21. A wireless communication method for network entity vendors, Receiving two training sets from a UE vendor corresponding to one or more encoder-decoder pairs, wherein the two training sets include a first training set and a second training set. Training one or more decoders associated with the two aforementioned training sets, Methods that include...

22. The method according to claim 21, wherein the first training set includes encoder identification information (ID), an encoder output, and reconstruction of a desired decoder output by the one or more decoders.

23. The method according to claim 21, wherein the second training set includes encoder identification information (ID), a combination of an encoder output in the first training set and a vector that perturbs the encoder output, and a corresponding decoder output.

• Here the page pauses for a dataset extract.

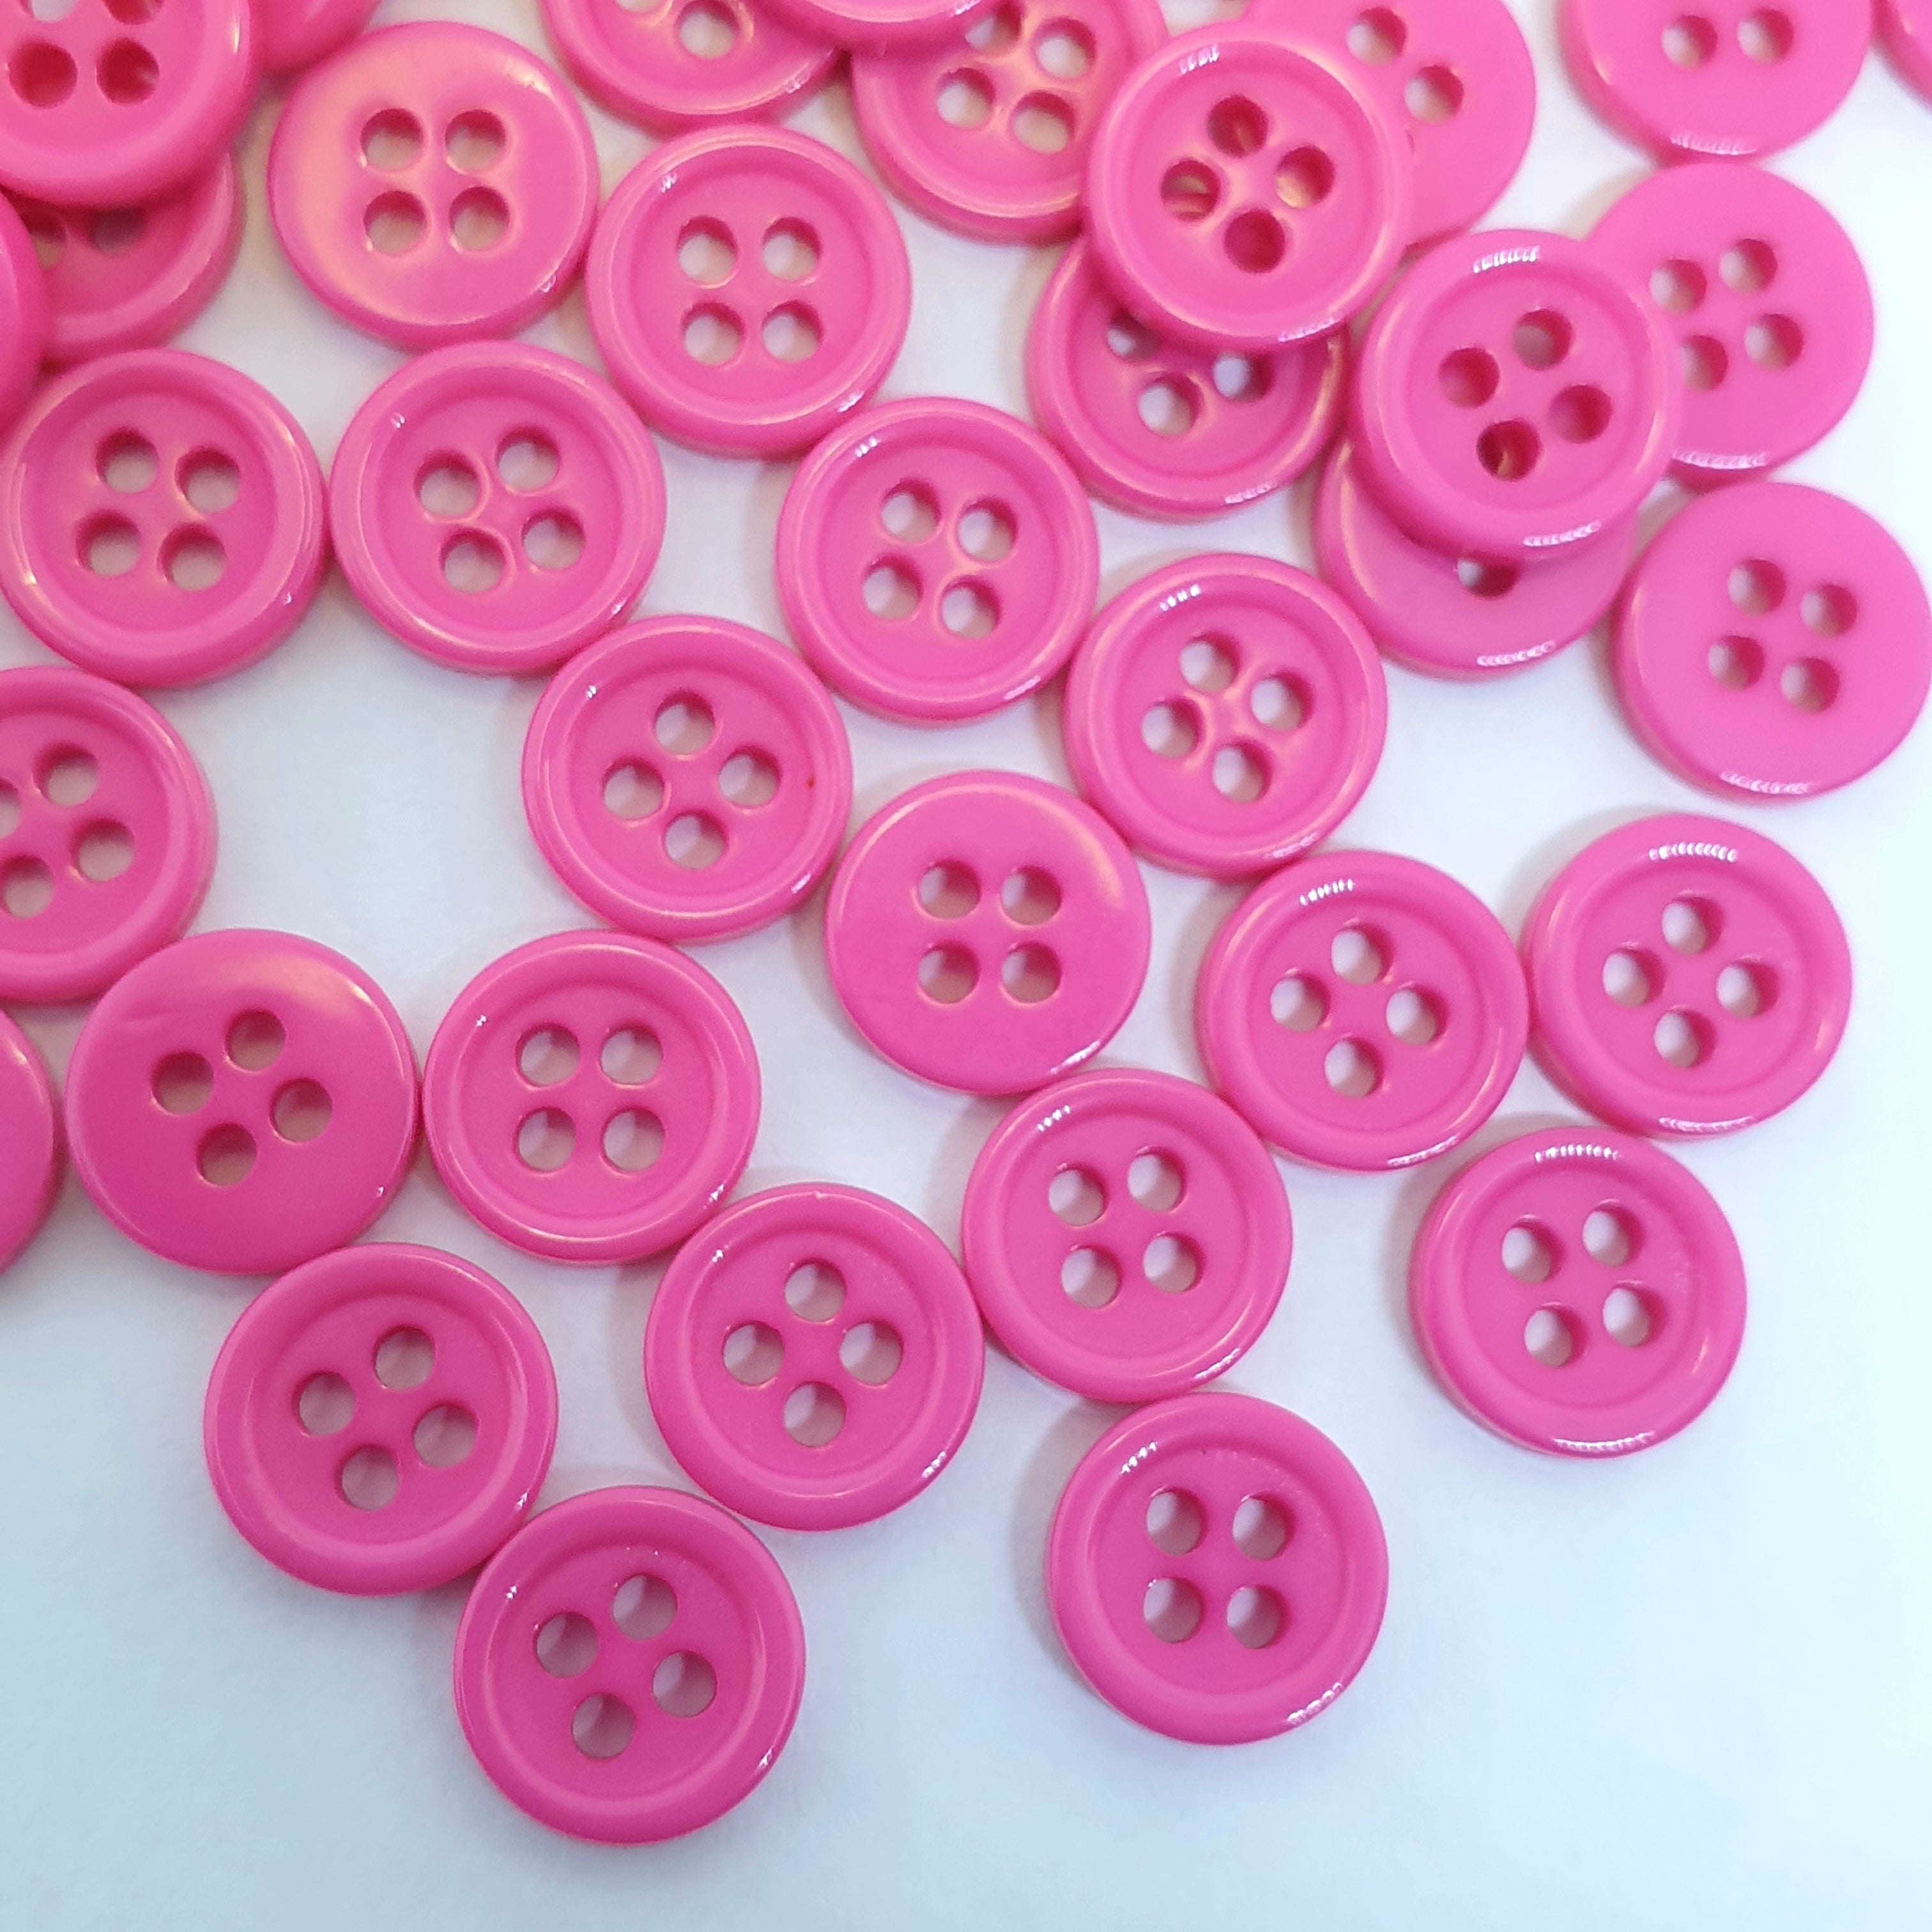 MajorCrafts 120pcs 9mm Hot Pink 4 Holes Small Round Resin Sewing Buttons
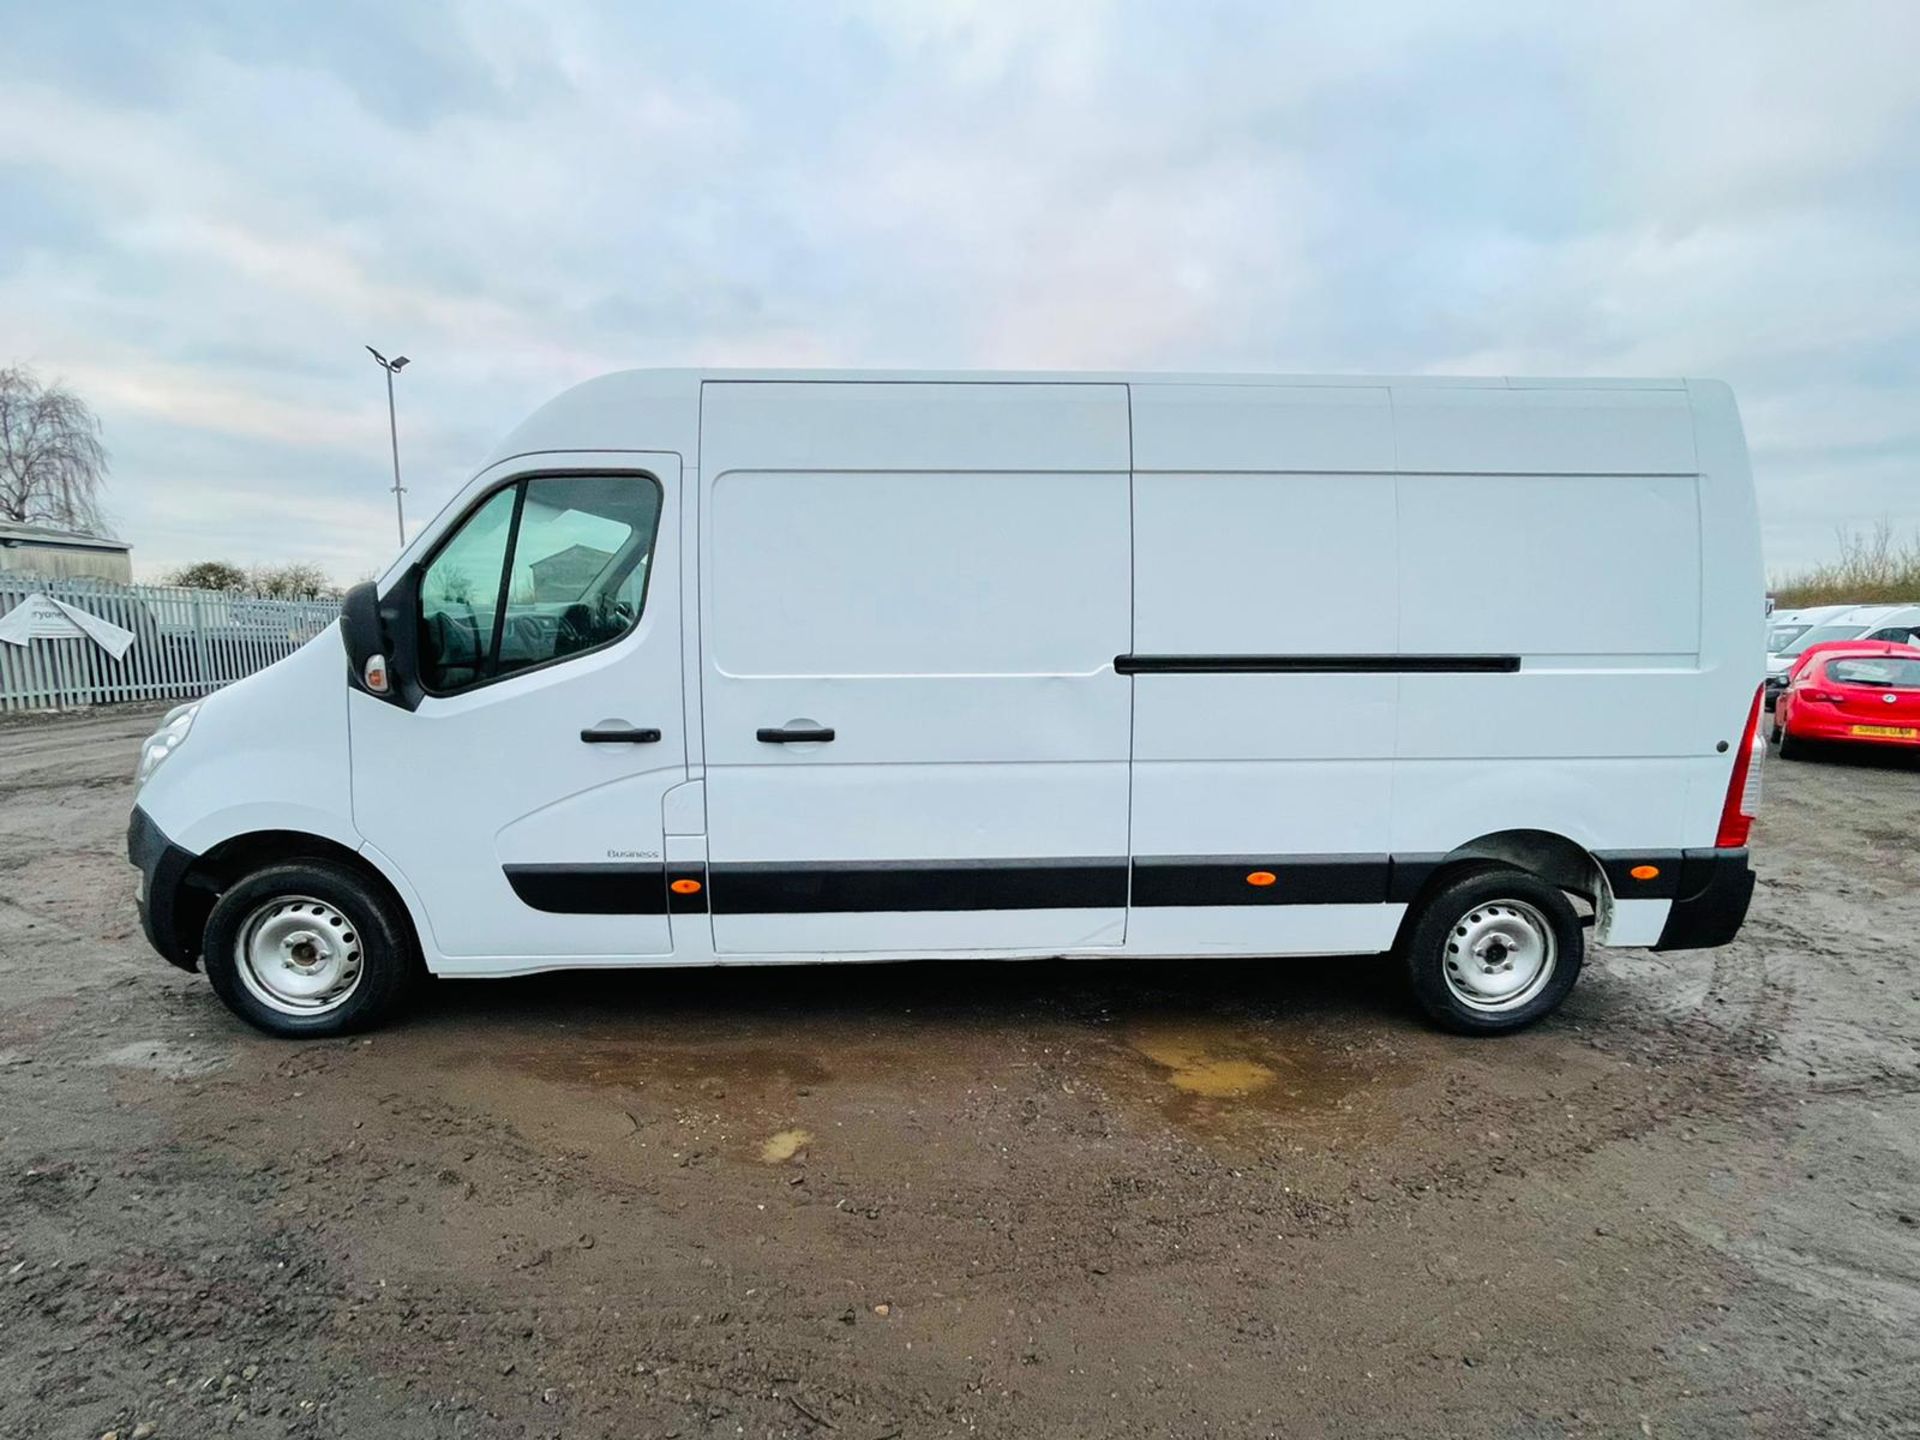 Renault Master 2.3 DCI 110 Business LM35 L3 H2 2016 '16 reg' Fridge/Freezer - Fully Insulated - Image 12 of 23

24. The method according to claim 21, further comprising receiving an alternative decoder that approximates the decoder found in one of the one or more encoder-decoder pairs.

25. The method according to claim 24, wherein the alternative decoder generates an output at least similar to that of the found decoder in response to a first training set and a second training set.

26. The method according to claim 21, wherein each of the two training sets is associated with one or more metadata to enable switching between one or more models during inference.

27. The method according to claim 26, wherein the one or more metadata includes at least one of UE antenna configuration, signal-to-noise ratio (SNR), reference signal received power (RSRP), delay rate, mean delay, and timestamp.

28. The method according to claim 21, further comprising determining, based on the two training sets, whether the one or more decoders are associated with a network entity or shared across multiple network entities.